Every major e-commerce site runs sophisticated headless browser detection. I learned about browser fingerprinting, canvas fingerprinting, and the navigator.webdriver flag that betrays automated sessions. The fix — --disable-blink-features=AutomationControlled combined with realistic headers and randomized delays — felt like a proper cat-and-mouse game.

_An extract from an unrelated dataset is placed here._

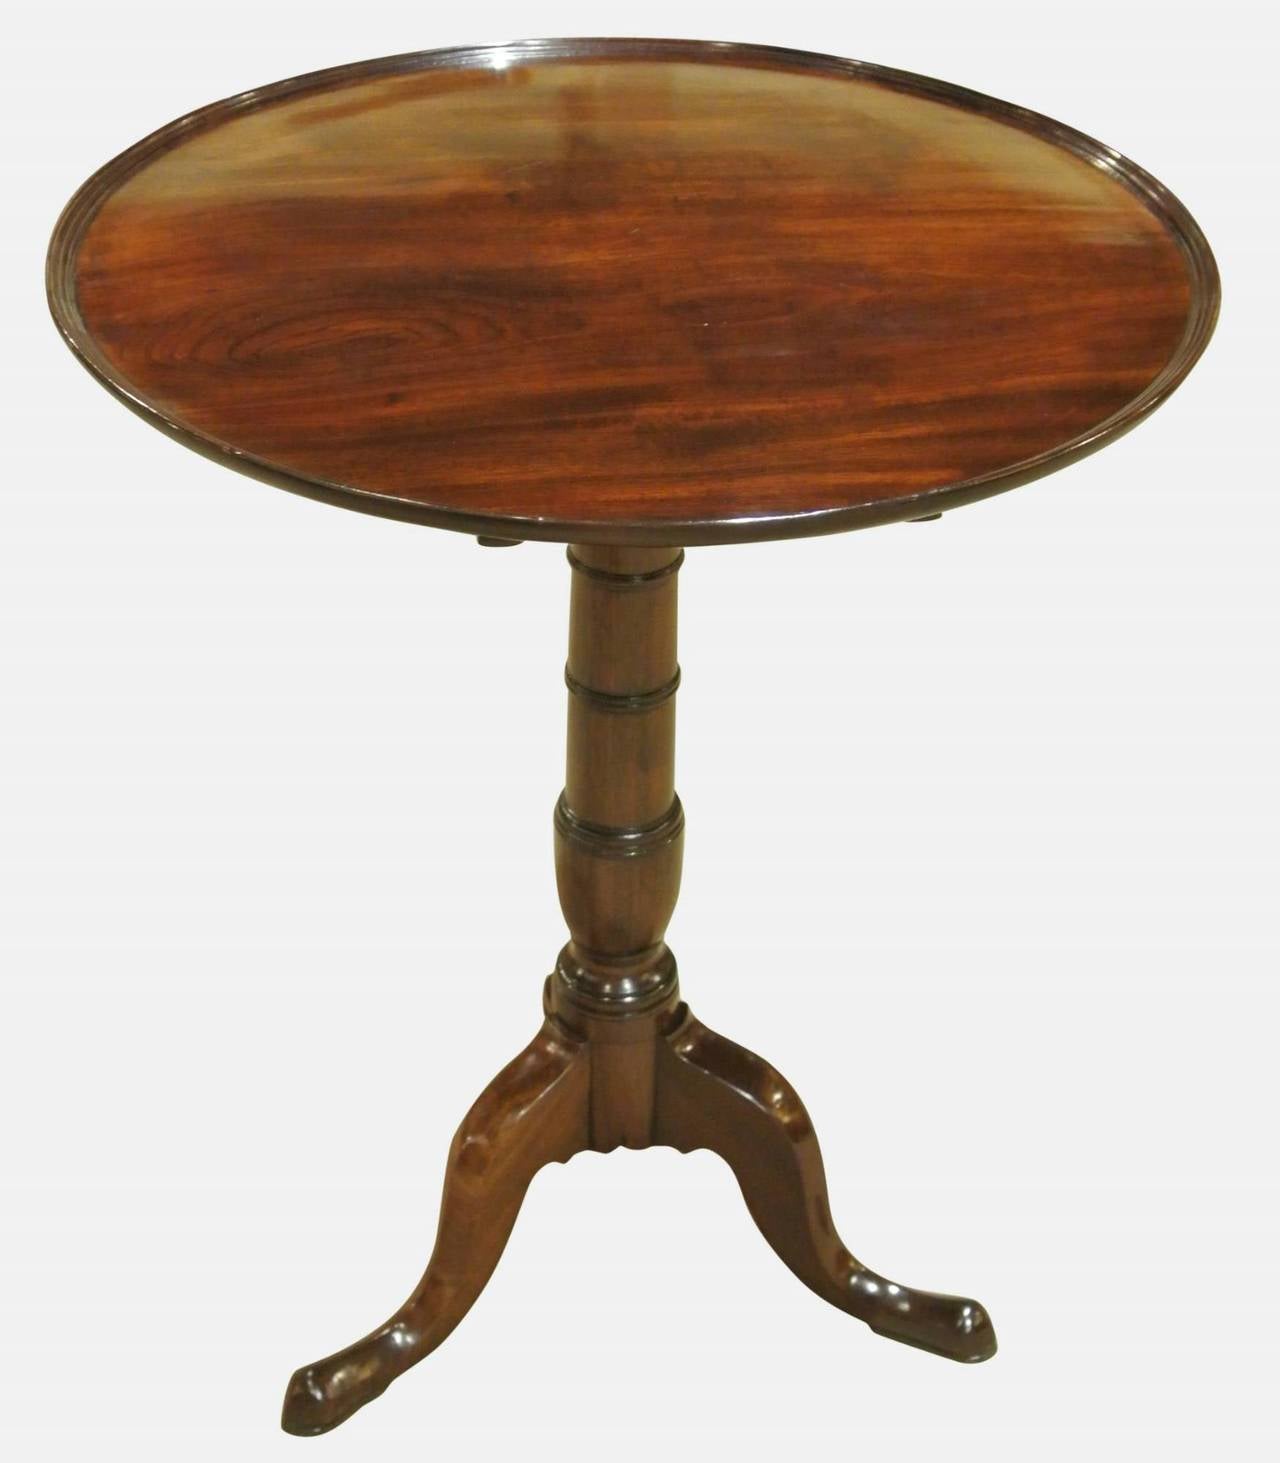 A very fine Georgian mahogany tilting dish top wine table on a turned gun barrel stem with tripod base.
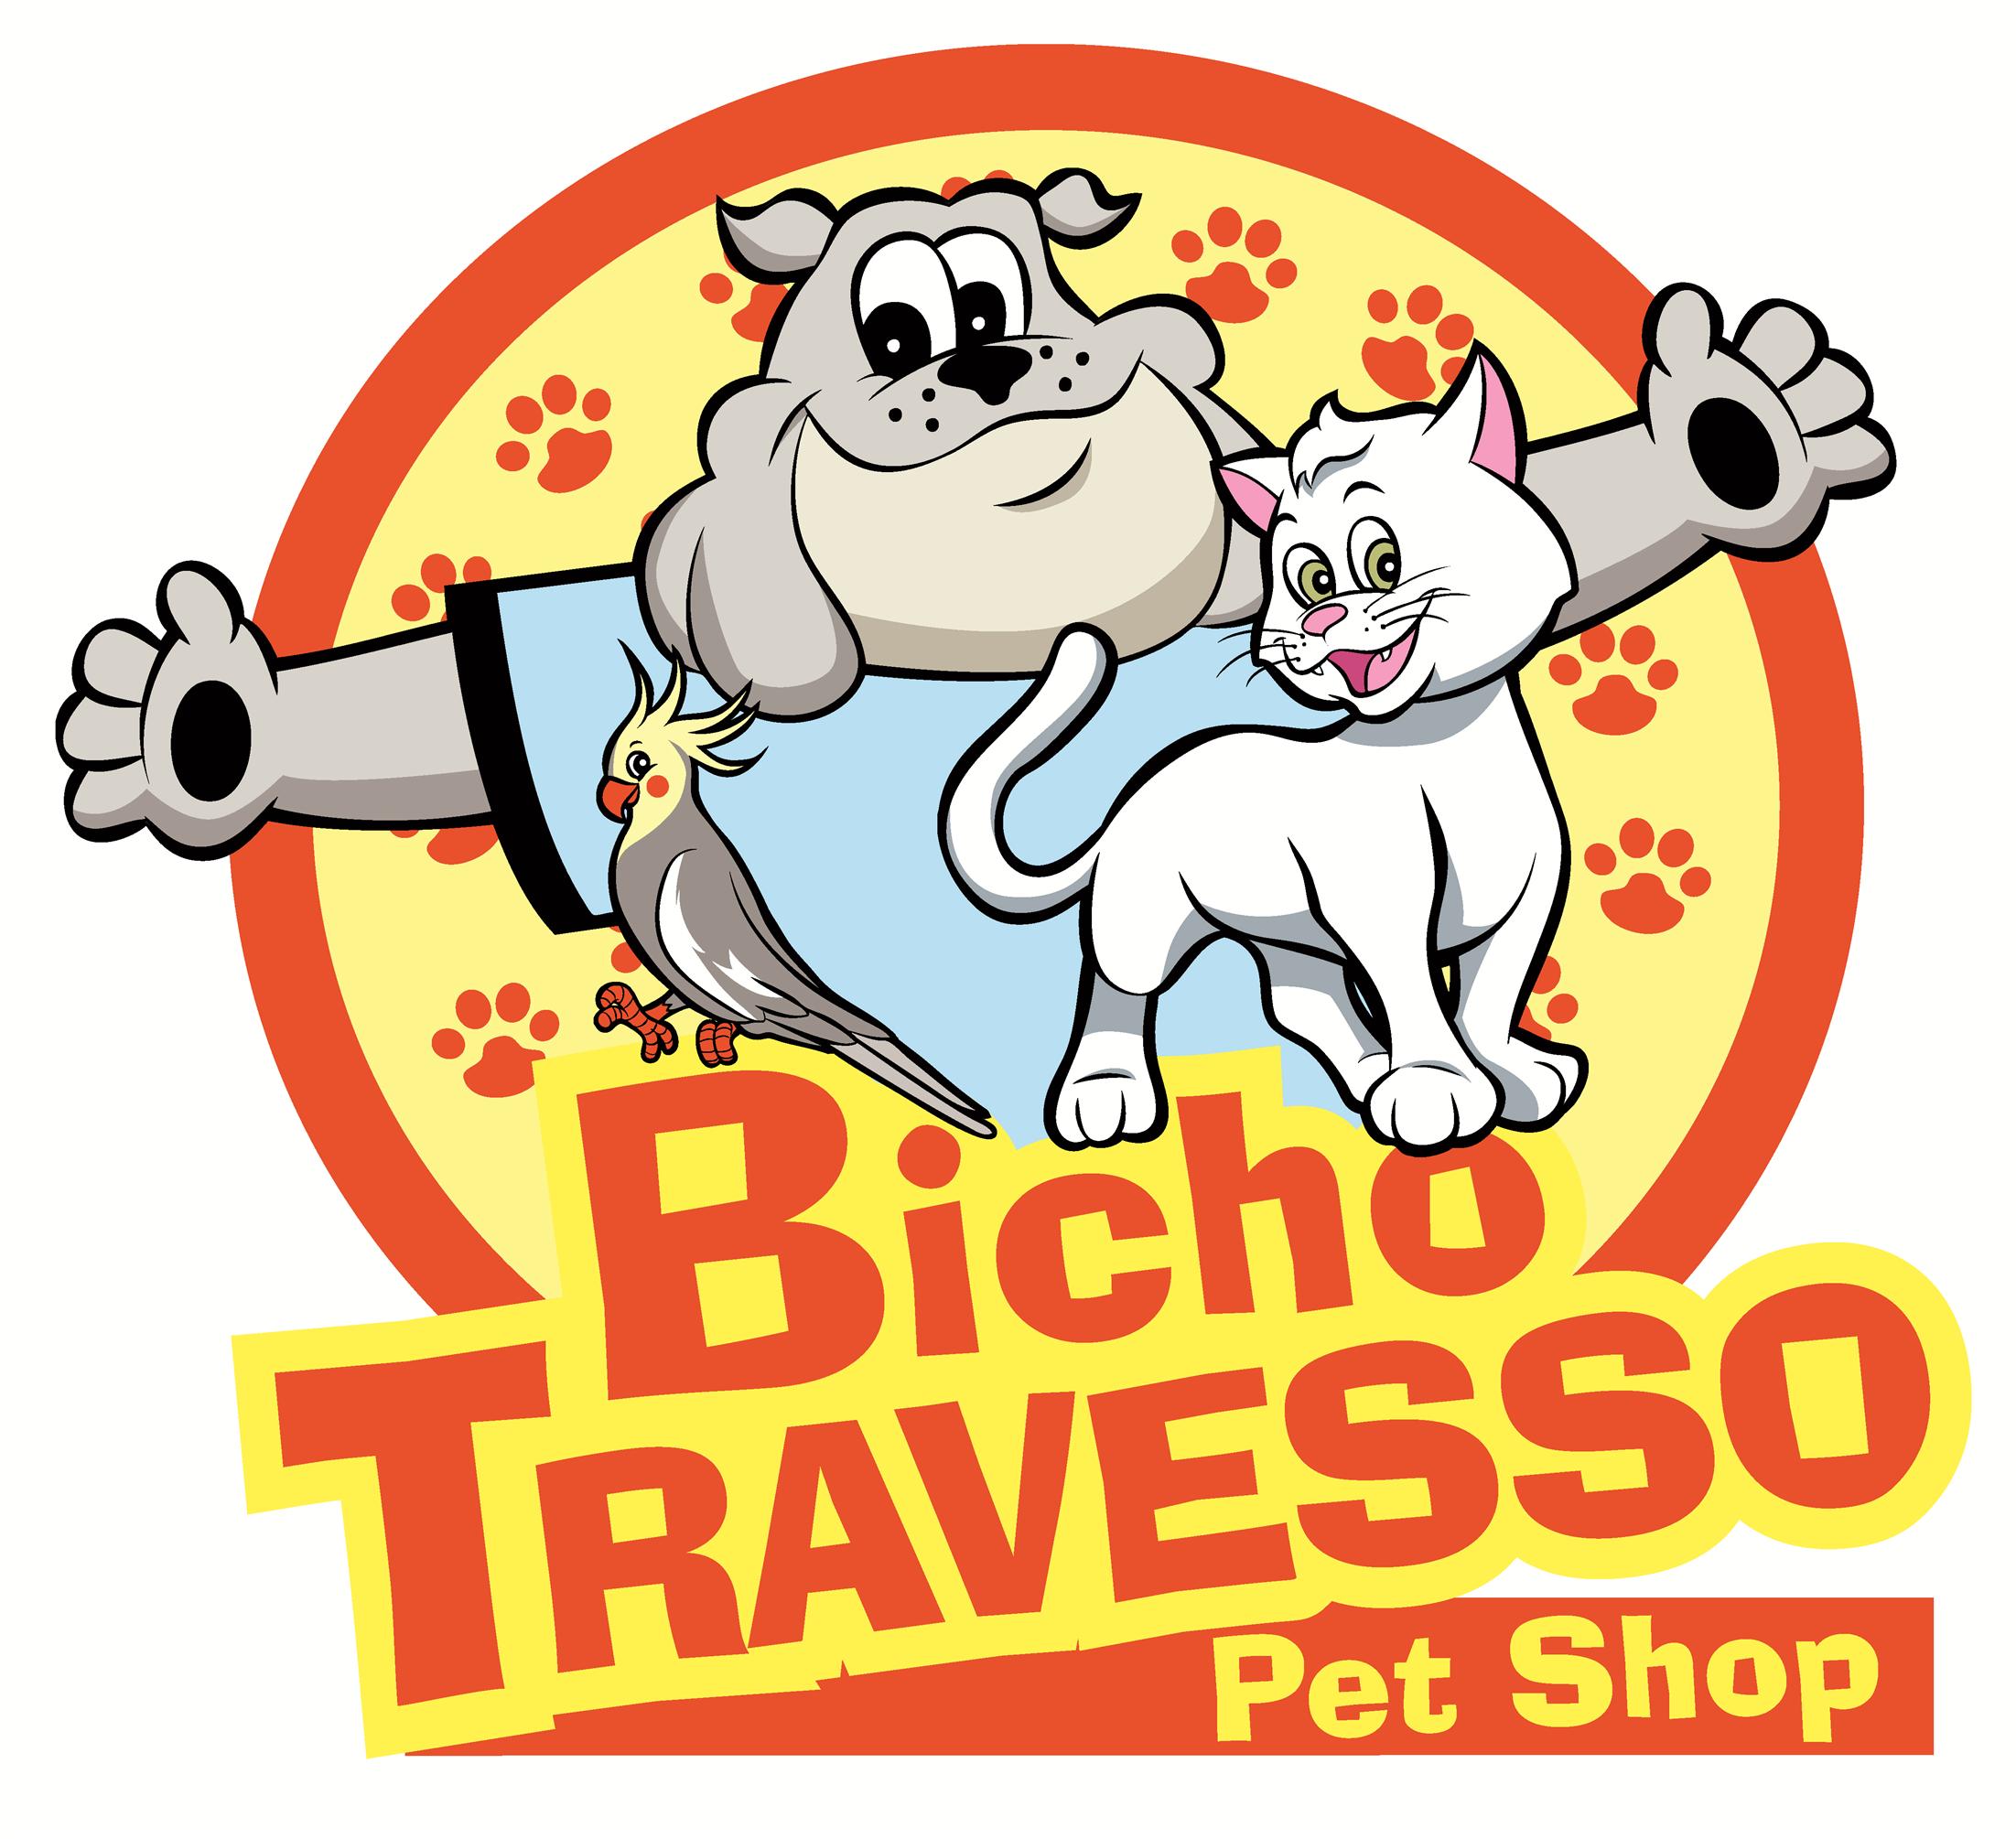 PET SHOP BICHO TRAVESSO logo

4. Gemini quota math matters

The free tier gives 1,500 requests per day. With 3 sites × 2 screenshots each = 6 Gemini calls per search, I had a budget of:

$$\text{Max searches/day} = \left\lfloor \frac{1500}{6} \right\rfloor = 250 \text{ searches}$$

This forced me to implement MD5-based screenshot caching — if the same screenshot hash was seen before, skip the Gemini call entirely. Cache hit rate in testing reached ~40%, effectively pushing the budget to:

$$\text{Effective budget} = \frac{1500}{6 \times (1 - 0.4)} \approx 416 \text{ searches/day}$$

5. India-first thinking

Deployed from India, US sites like eBay immediately served CAPTCHA pages. This wasn't a bug — it was a feature discovery. Indian stores (Flipkart, Croma) are far more accessible, show INR pricing that's locally relevant, and have less aggressive bot detection. The best product isn't always the most obvious one to build.

How I Built It

The Architecture

PriceHawk has three layers working in concert:

User Query
    ↓
React Frontend  ──────────────────────────────────  Cloud Run
    ↓ HTTPS POST
Express API     ──────────────────────────────────  Cloud Run
    ↓ spawns
Playwright Agent  opens 3 real browser tabs in parallel
    ↓
Screenshots  ──→  Gemini 2.0 Flash (vision)
    ↓                      ↓
DOM extraction         AI analysis
    ↓                      ↓
         Merge & deduplicate
                ↓
         Firestore (price history)
                ↓
         Real-time polling → Frontend

The Frontend

The UI went through three complete redesigns. The final version — a "Mission Control" aesthetic with deep teal glassmorphism, animated smoke background, particle constellation canvas, and Playfair Display serif typography — was designed to feel like a premium intelligence tool rather than a utility app.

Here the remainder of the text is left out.